Run an all-reduce across two nodes (16 GPUs) and read bus bandwidth against the topology ceiling. Requires the MPI Operator; full MPIJob manifest in workload bring-up recipes. The command the launcher runs:³⁴

# Sweep 8 B -> 8 GiB, doubling each step, 1 GPU per thread, IB HCA filter + verbose path.
mpirun --allow-run-as-root -np 16 -bind-to none \
  -x NCCL_IB_HCA=mlx5 -x NCCL_DEBUG=INFO \
  /workspace/nccl-tests/build/all_reduce_perf -b 8 -e 8G -f 2 -g 1

Pass: the busbw column approaches the fabric's line rate at large message sizes, and NCCL_DEBUG=INFO logs an IB/GDR transport (look for NET/IB and GDR engagement), not a TCP/socket fallback. A TCP fallback means the RDMA resource was not requested in the pod or the HCA filter is wrong (RDMA/RoCE tuning, runbook: NCCL hang).

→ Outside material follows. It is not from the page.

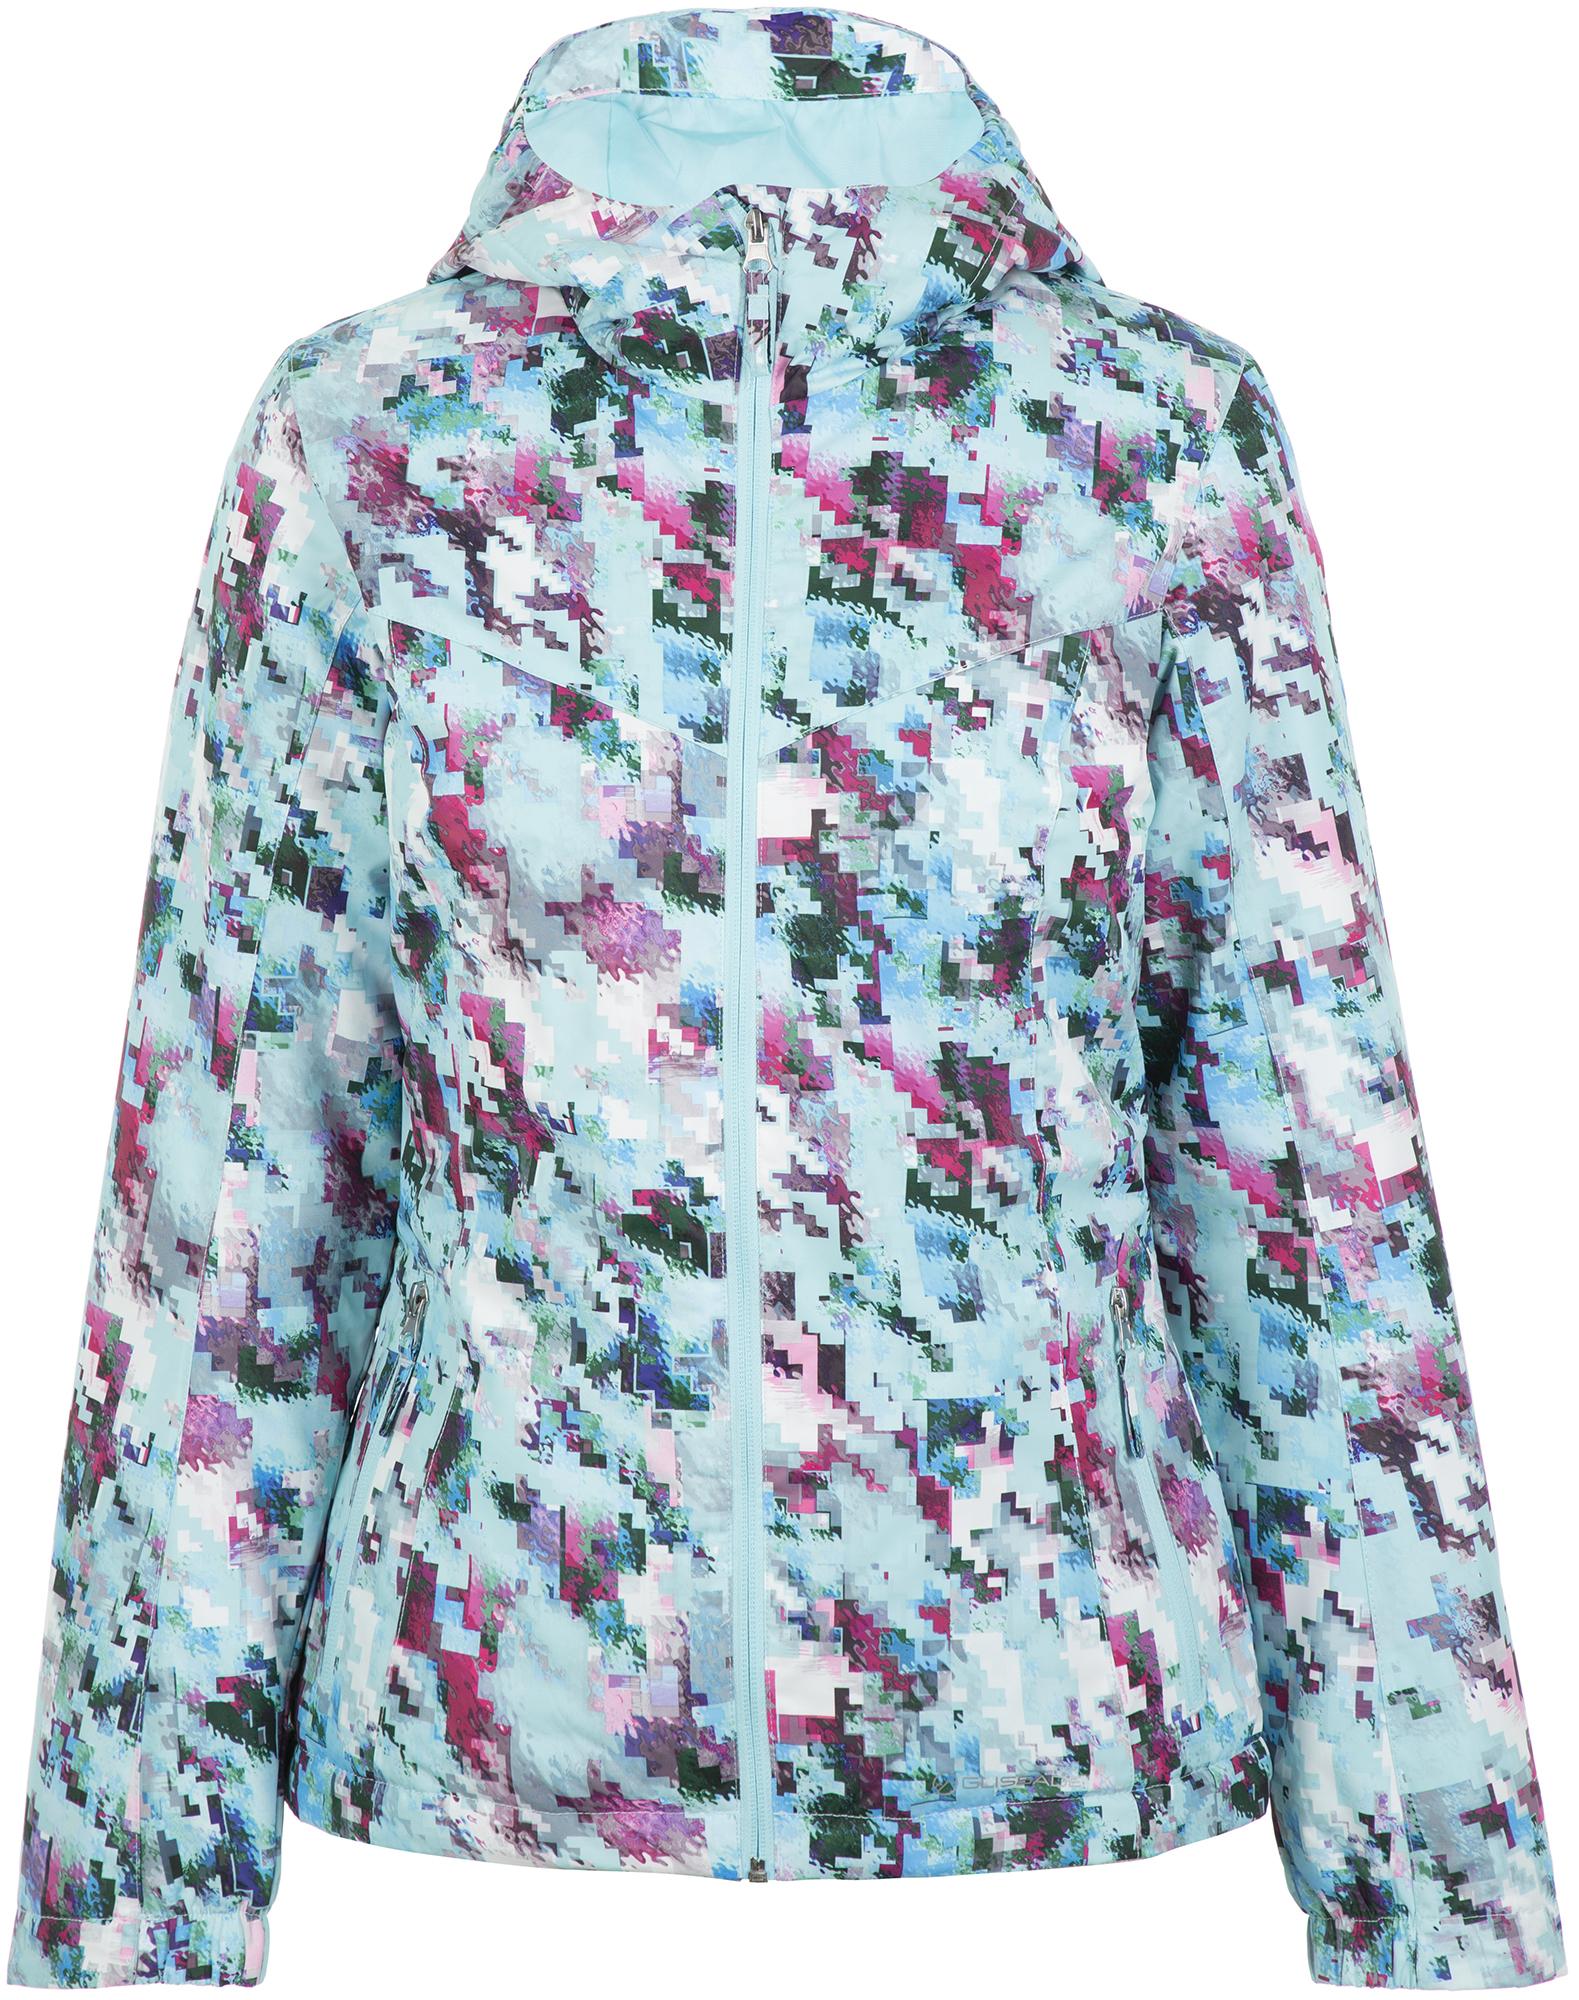 Glissade Куртка утепленная женская Glissade, размер 42 glissade куртка утепленная мужская glissade размер 56 58

Achieved busbw is always below the nominal line rate; protocol overhead is expected.

Step 5: Telemetry gate (PromQL)¶

Before any benchmark, confirm metrics flow so steps 6-8 are observable. With dcgm-exporter scraped by Prometheus, this returns a non-empty vector:⁵

# Per-GPU utilization is being scraped from every GPU node.
count(DCGM_FI_DEV_GPU_UTIL) by (Hostname)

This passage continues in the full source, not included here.